The lines below, from the one holding "Bedhead spray" through the one holding "New! CAPA For", are to be restated word for word, with all images left out.

• RECORDS TO PROCESS
- - - -
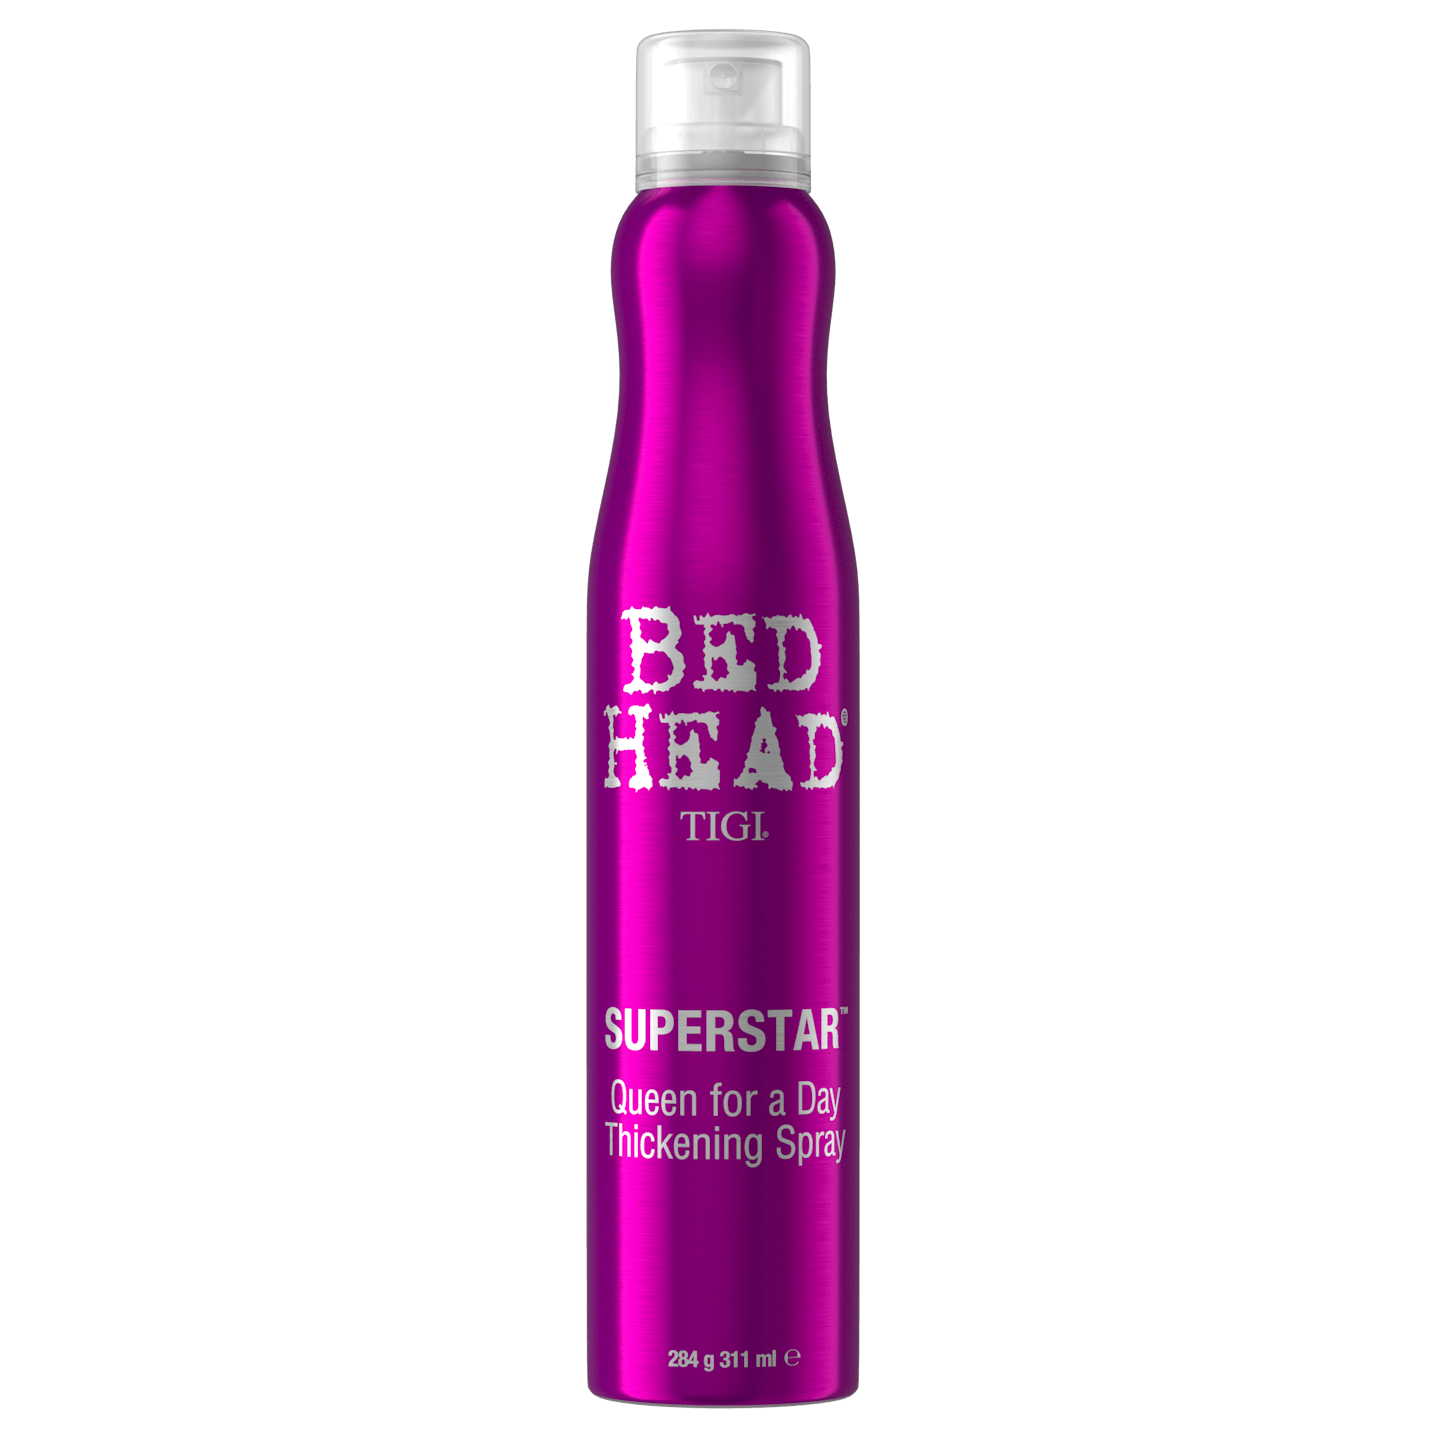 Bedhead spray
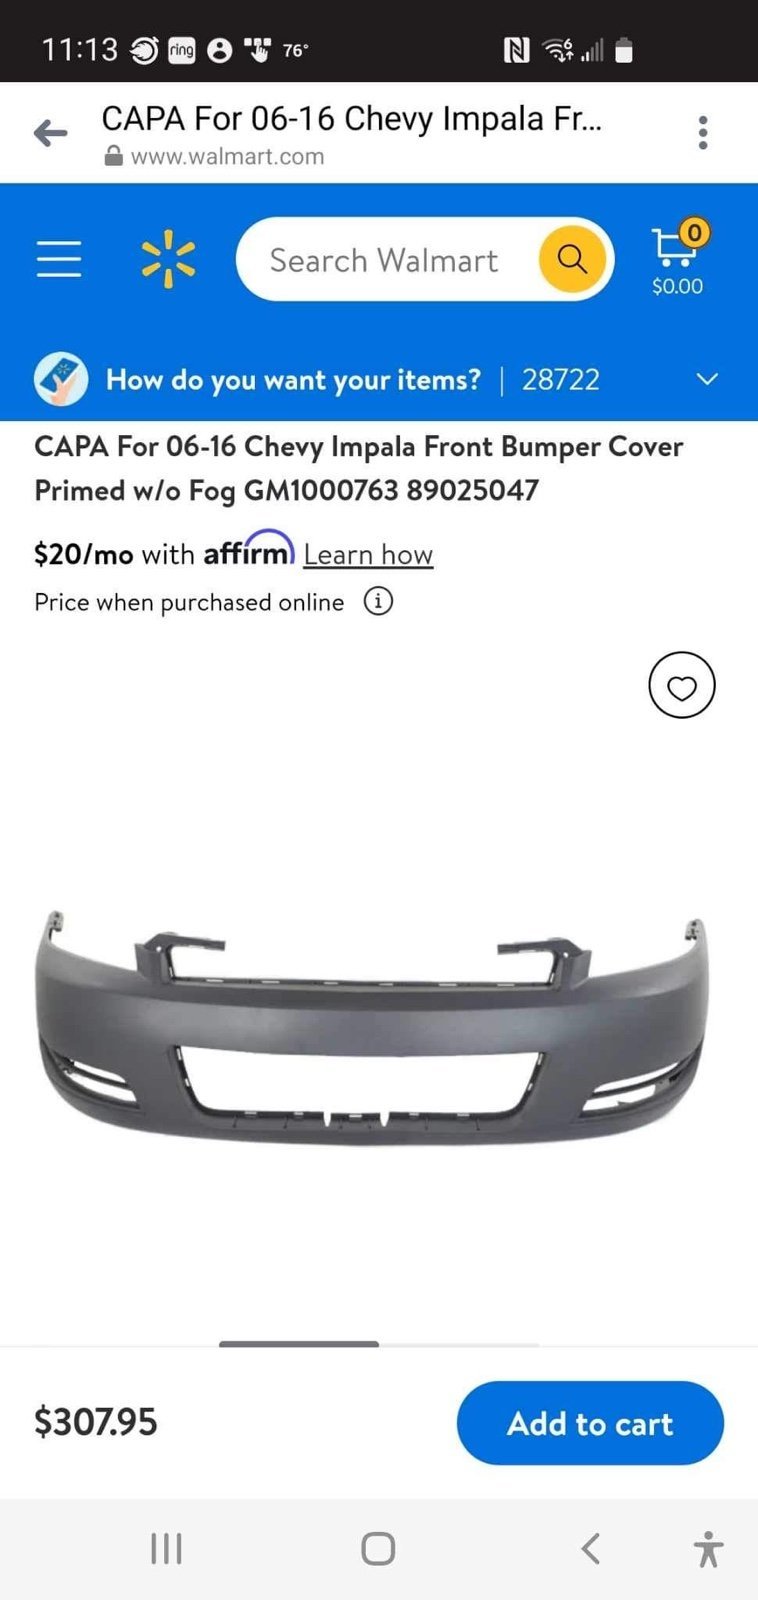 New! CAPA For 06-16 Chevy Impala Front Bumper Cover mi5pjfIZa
- - - -
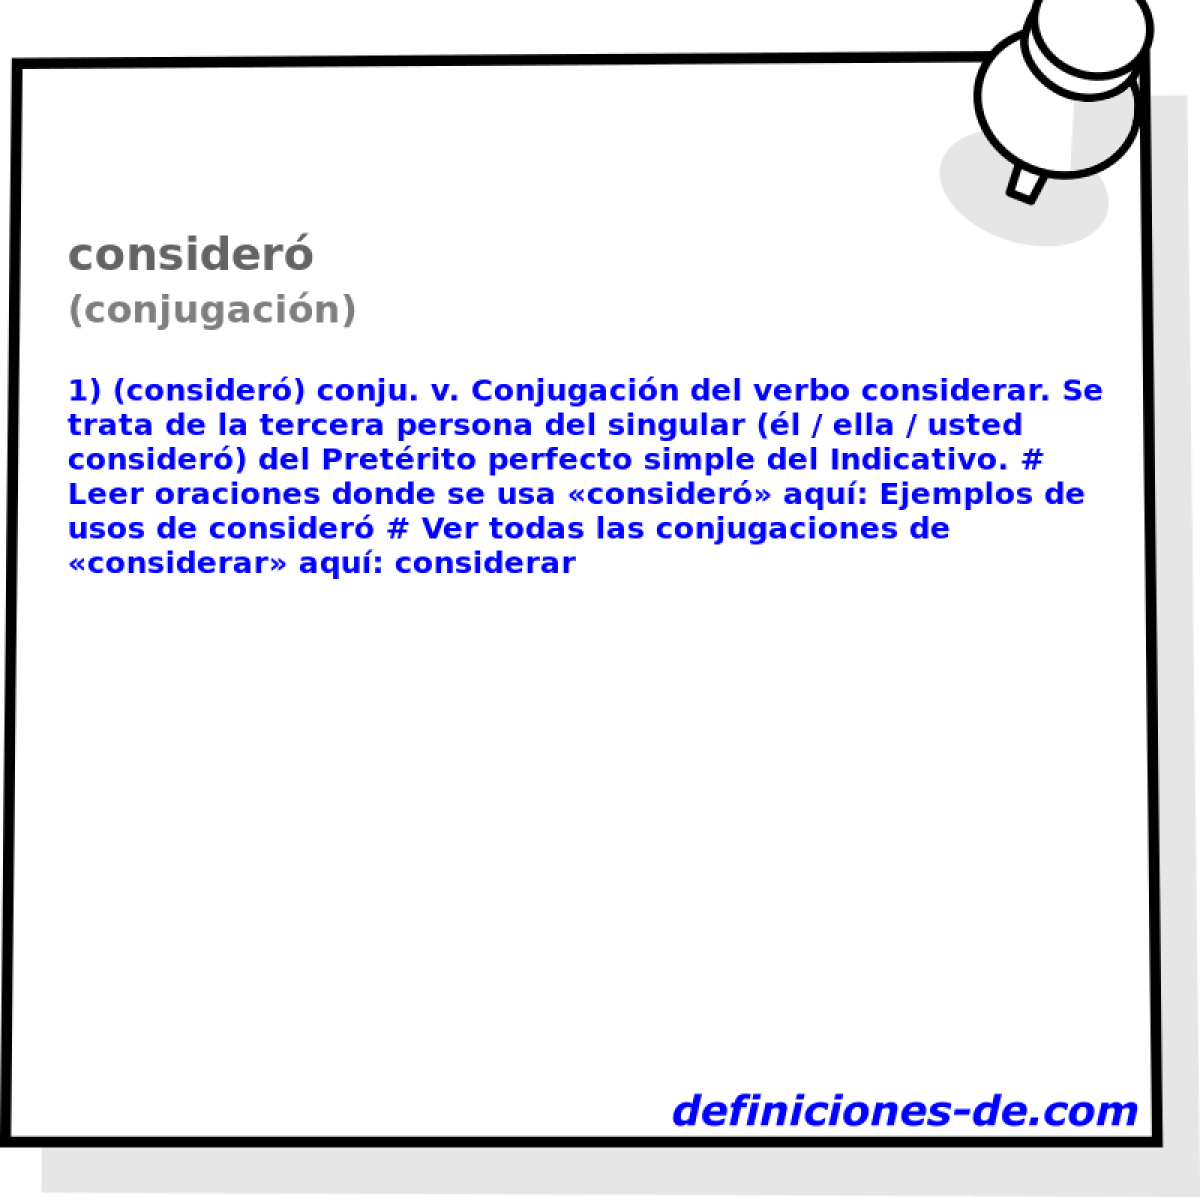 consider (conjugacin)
- - - -
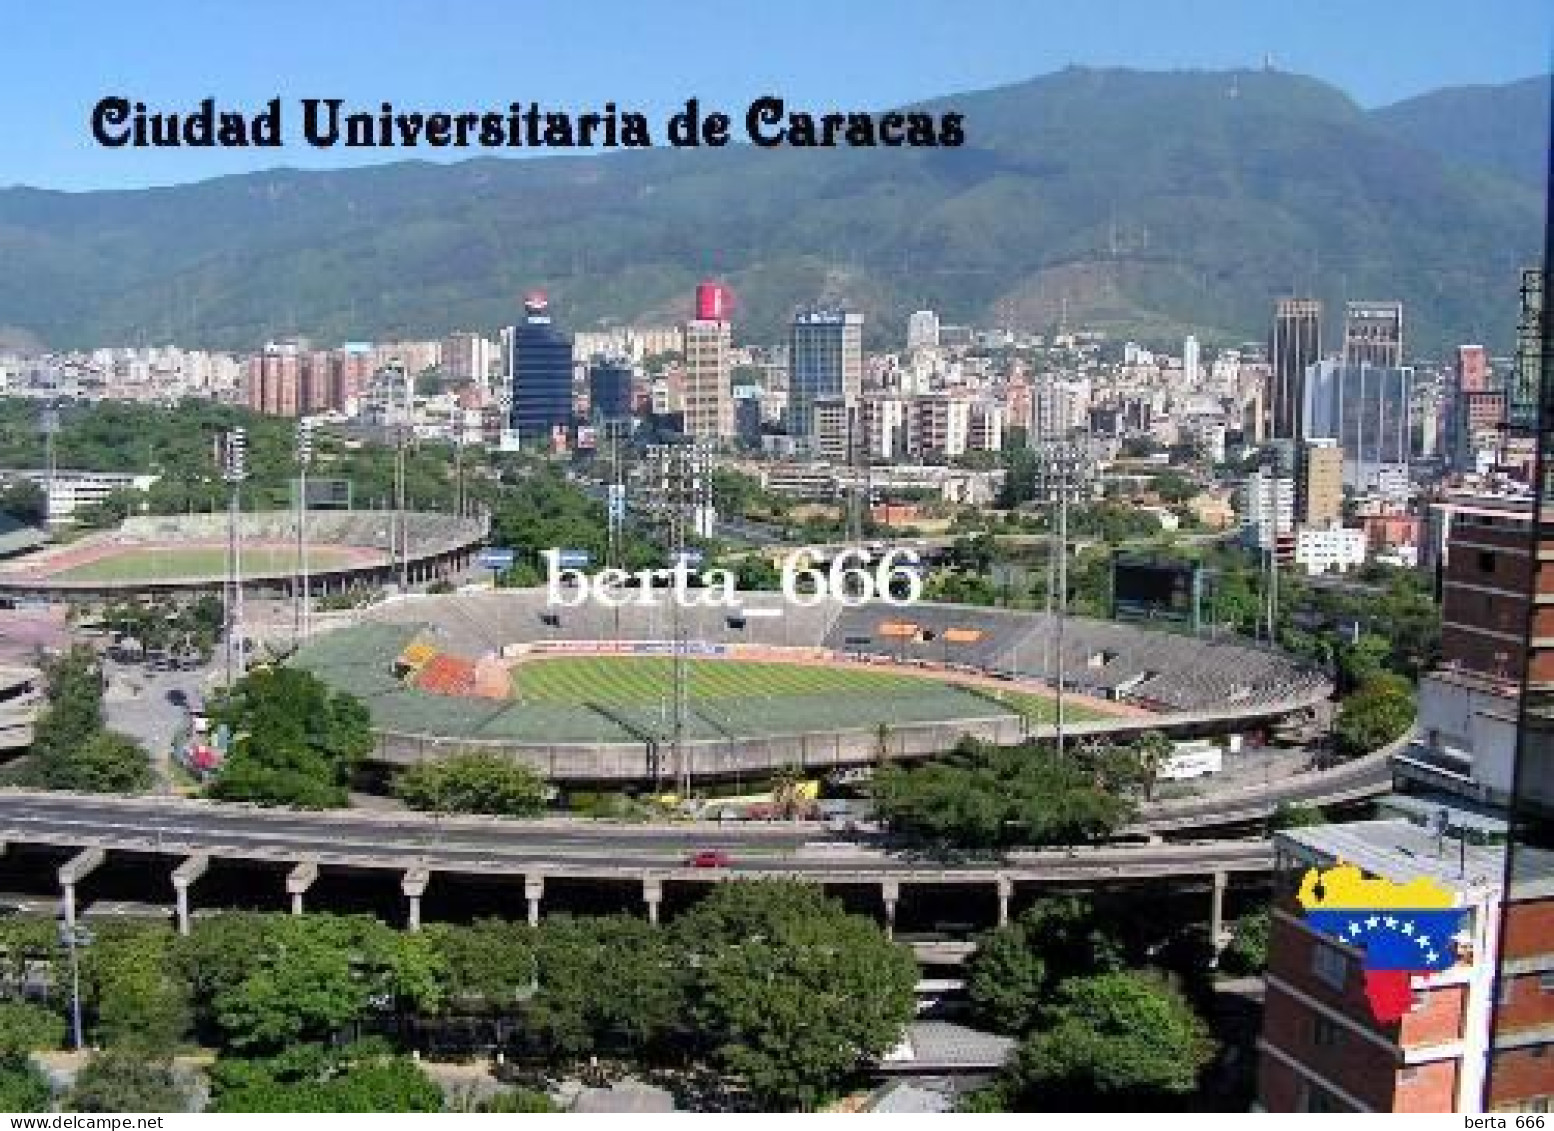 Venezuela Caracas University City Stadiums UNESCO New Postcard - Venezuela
- - - -
• ANSWER TO THIS TASK
 Bedhead spray
 New! CAPA For 06-16 Chevy Impala Front Bumper Cover mi5pjfIZa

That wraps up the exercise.